Problem \(1\Big |p_{j}^A=\left( \frac{{p}_jr^{a}}{u_j}\right) ^k, \sum _{j=1}^n(\alpha E_j+\beta T_j+\delta d_j^1 +\gamma D_j)+\eta C_{\max } \le C\Big |\sum _{j=1}^nG_ju_j\) can be solved in \(O(n\log n)\) time.

4.2 Extension 2

Similar to Sect. 3, the proposed model can be extended to a large set of scheduling problems, i.e., \(1\left| p_{j}^A=\left( \frac{{p}_jr^{a_j}}{u_j}\right) ^k, \sum _{j=1}^nW_jp_{[j]}^A \le C\right| \sum _{j=1}^nG_ju_j\), where \(W_j\) is a position, job-dependent penalty for any job schedule in the jth position.

Theorem 8

The problem \(1\left| p_{j}^A=\left( \frac{{p}_jr^{a_j}}{u_j}\right) ^k, \sum _{j=1}^nW_jp_{[j]}^A \le C\right| \sum _{j=1}^nG_ju_j\) can be solved in \(O(n^3)\) time.

Theorem 9

Problem \(1\left| p_{j}^A{=}\left( \frac{{p}_jr^{a}}{u_j}\right) ^k, \sum _{j=1}^nW_jp_{[j]}^A {\le } C\right| \sum _{j=1}^nG_ju_j\) can be solved in \(O(n\log n)\) time.

4.3 Extension 3

In the real production process, learning effect may not reduce the jobs’ processing time without limitation (Wu et al. [17, 18]), hence Wang et al. [15] considered the truncated job-dependent learning effect model, i.e., \(p_{j}^A={p}_j\max \{r^{a_j},B\}\), where \(0<B\le 1\) is a truncation parameter for all jobs.
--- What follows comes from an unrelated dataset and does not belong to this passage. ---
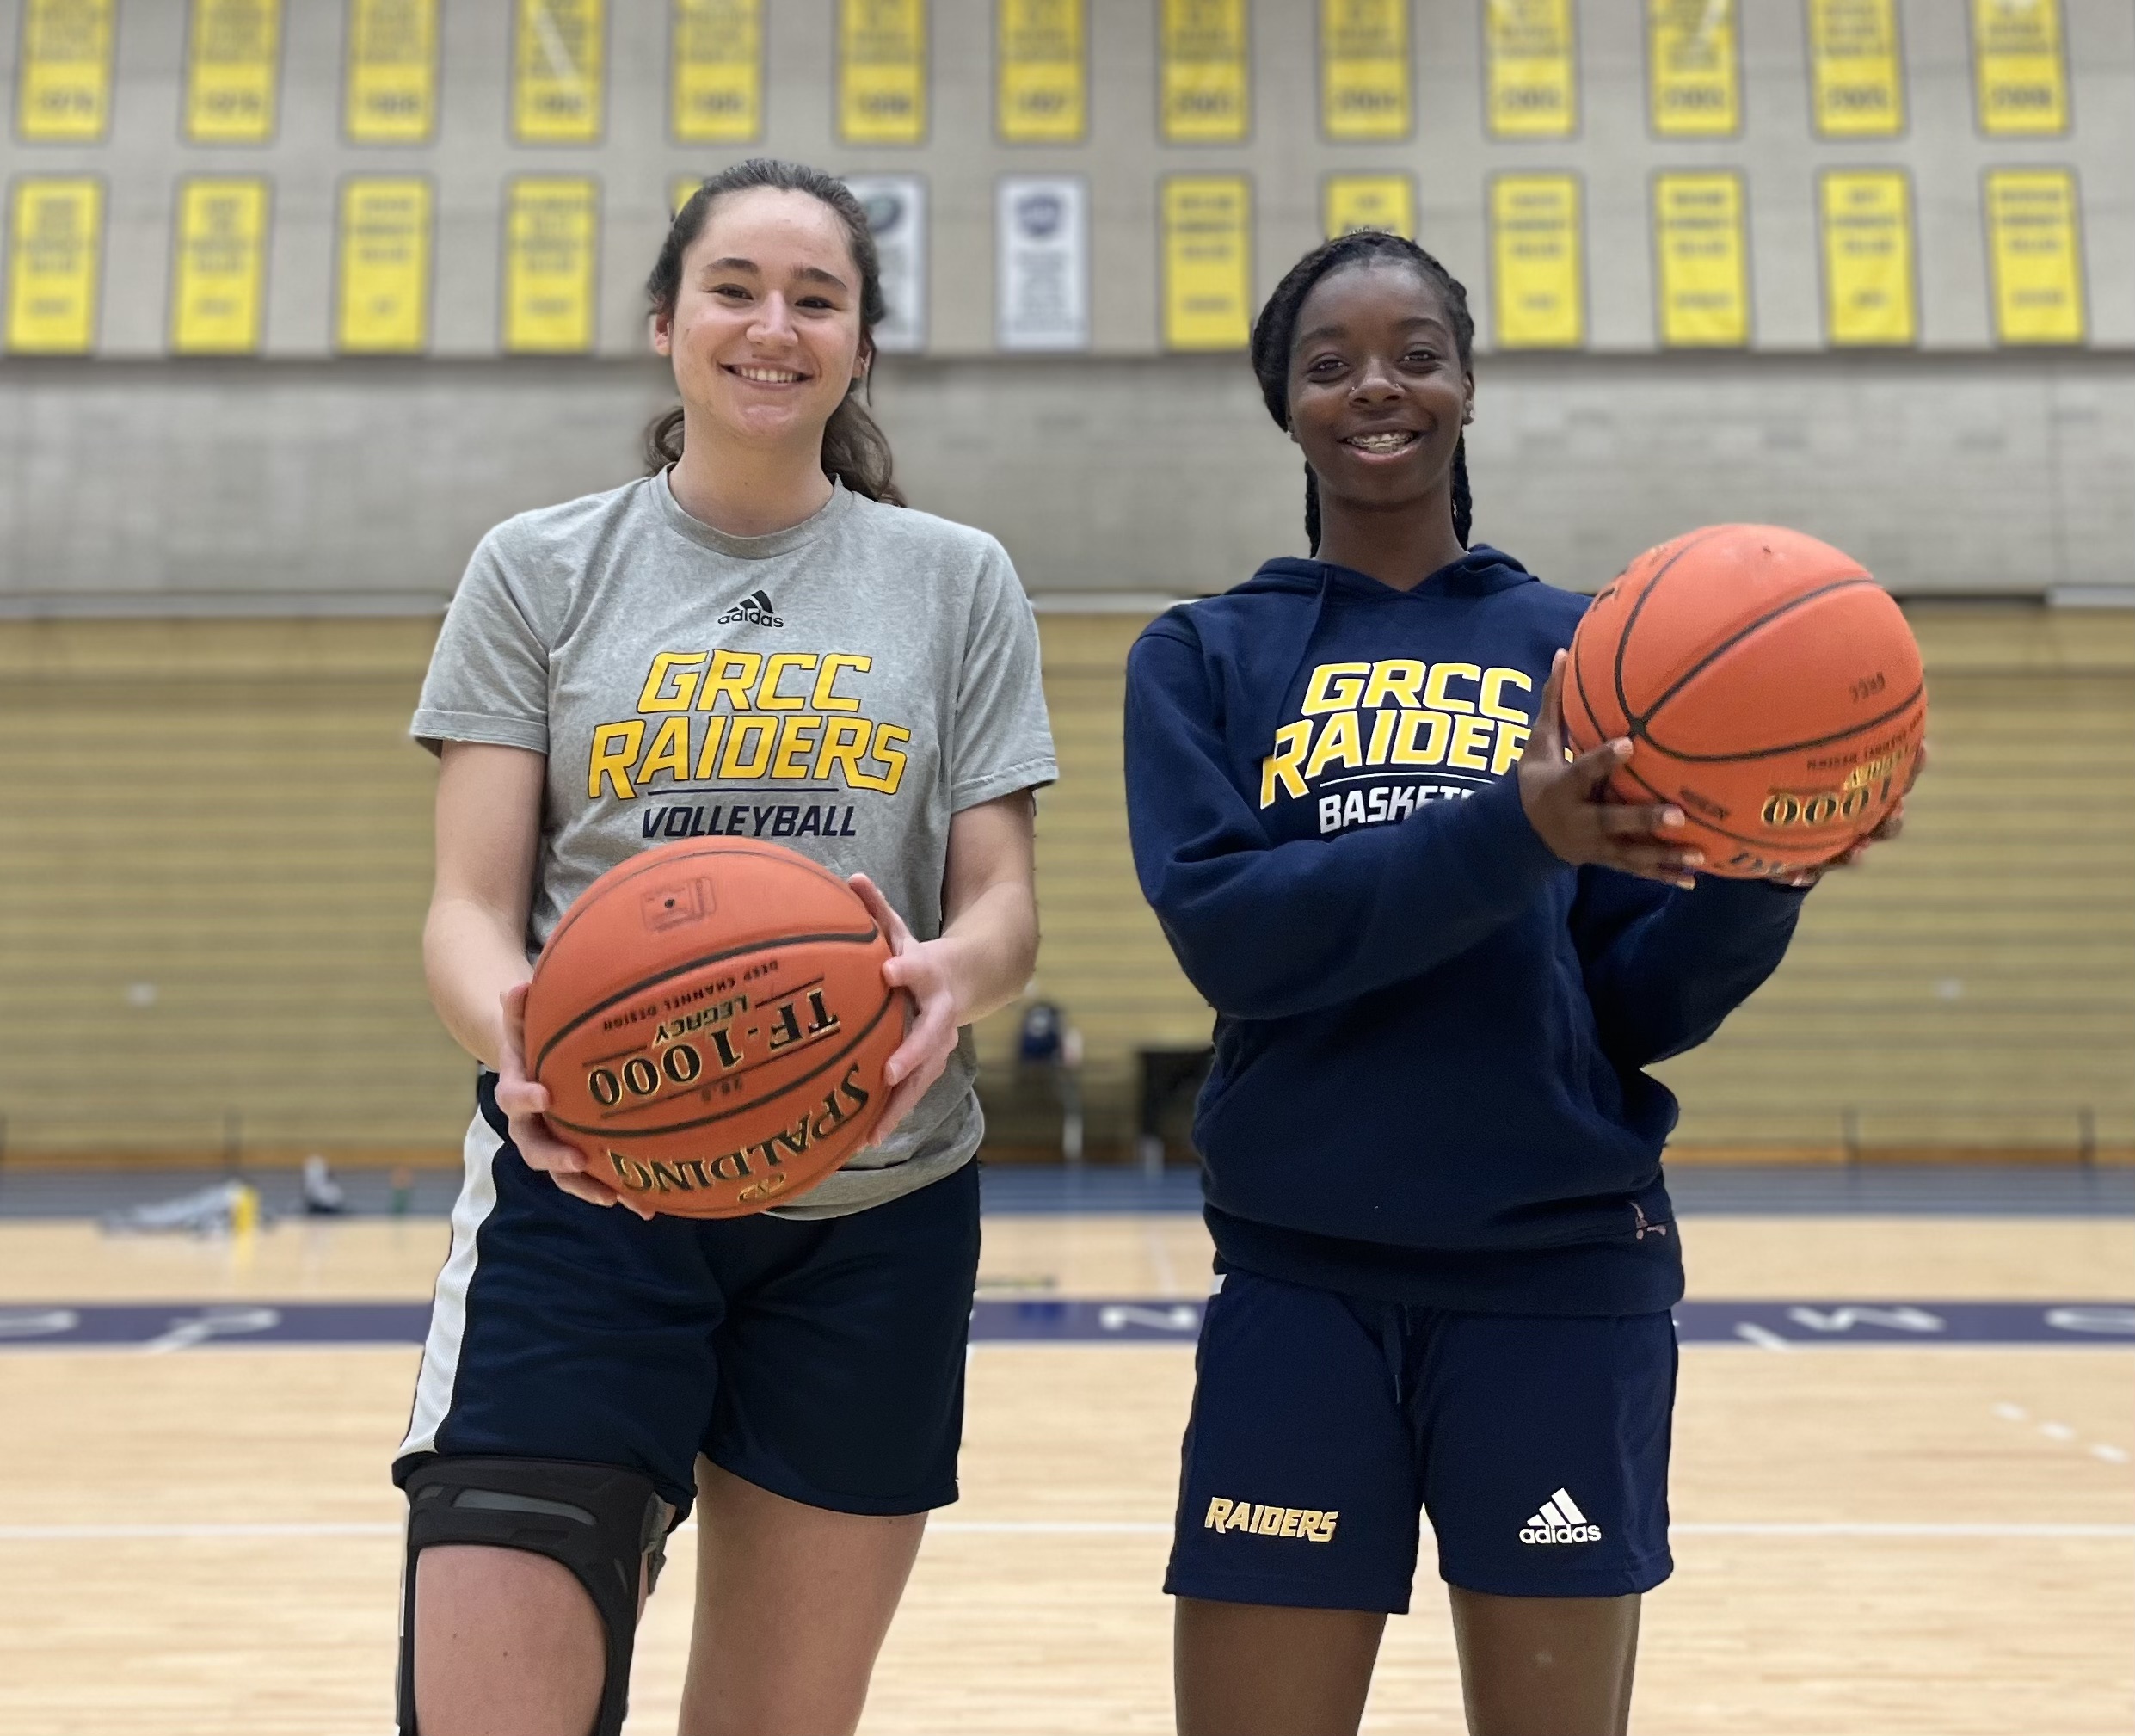 het laatste zonlicht Vervagen Loud and proud: Official GRCC Raiders athletic apparel available for  limited time through online store | Grand Rapids Community College

Similar to the proof of Sect. 3, the proposed model can be extended to the following model: \(p_{j}^A=\left( \frac{{p}_j\max \{r^{a_j},B\}}{u_j}\right) ^k\).

Theorem 10

The problem \(1\left| p_{j}^A=\left( \frac{{p}_j\max \{r^{a_j},B\}}{u_j}\right) ^k, \sum _{j=1}^nW_jp_{[j]}^A \le C\right| \sum _{j=1}^nG_ju_j\) can be solved in \(O(n^3)\) time.

Theorem 11

Problem \(1\left| p_{j}^A=\left( \frac{{p}_j\max \{r^{a},B\}}{u_j}\right) ^k, \sum _{j=1}^nW_jp_{[j]}^A \le C\right| \sum _{j=1}^nG_ju_j\) can be solved in \(O(n\log n)\) time.

5 Conclusions

In this paper, we have considered the scheduling problem with learning effect and resource-dependent processing times on a single machine. It is showed that the due window assignment minimization problem can be solved in polynomial time. For the special case of the problem, we also gave a lower order algorithm. The algorithms can also be easily applied to the problems with the deterioration (aging) effect (e.g., \(a_j>0\)). For future research, it is worthwhile to study other scheduling problems with due window assignment, effects of deterioration and truncated job-dependent learning (Niu et al. [10]) and/or resource allocation, for example, the flow shop scheduling problems and other scheduling performance measures.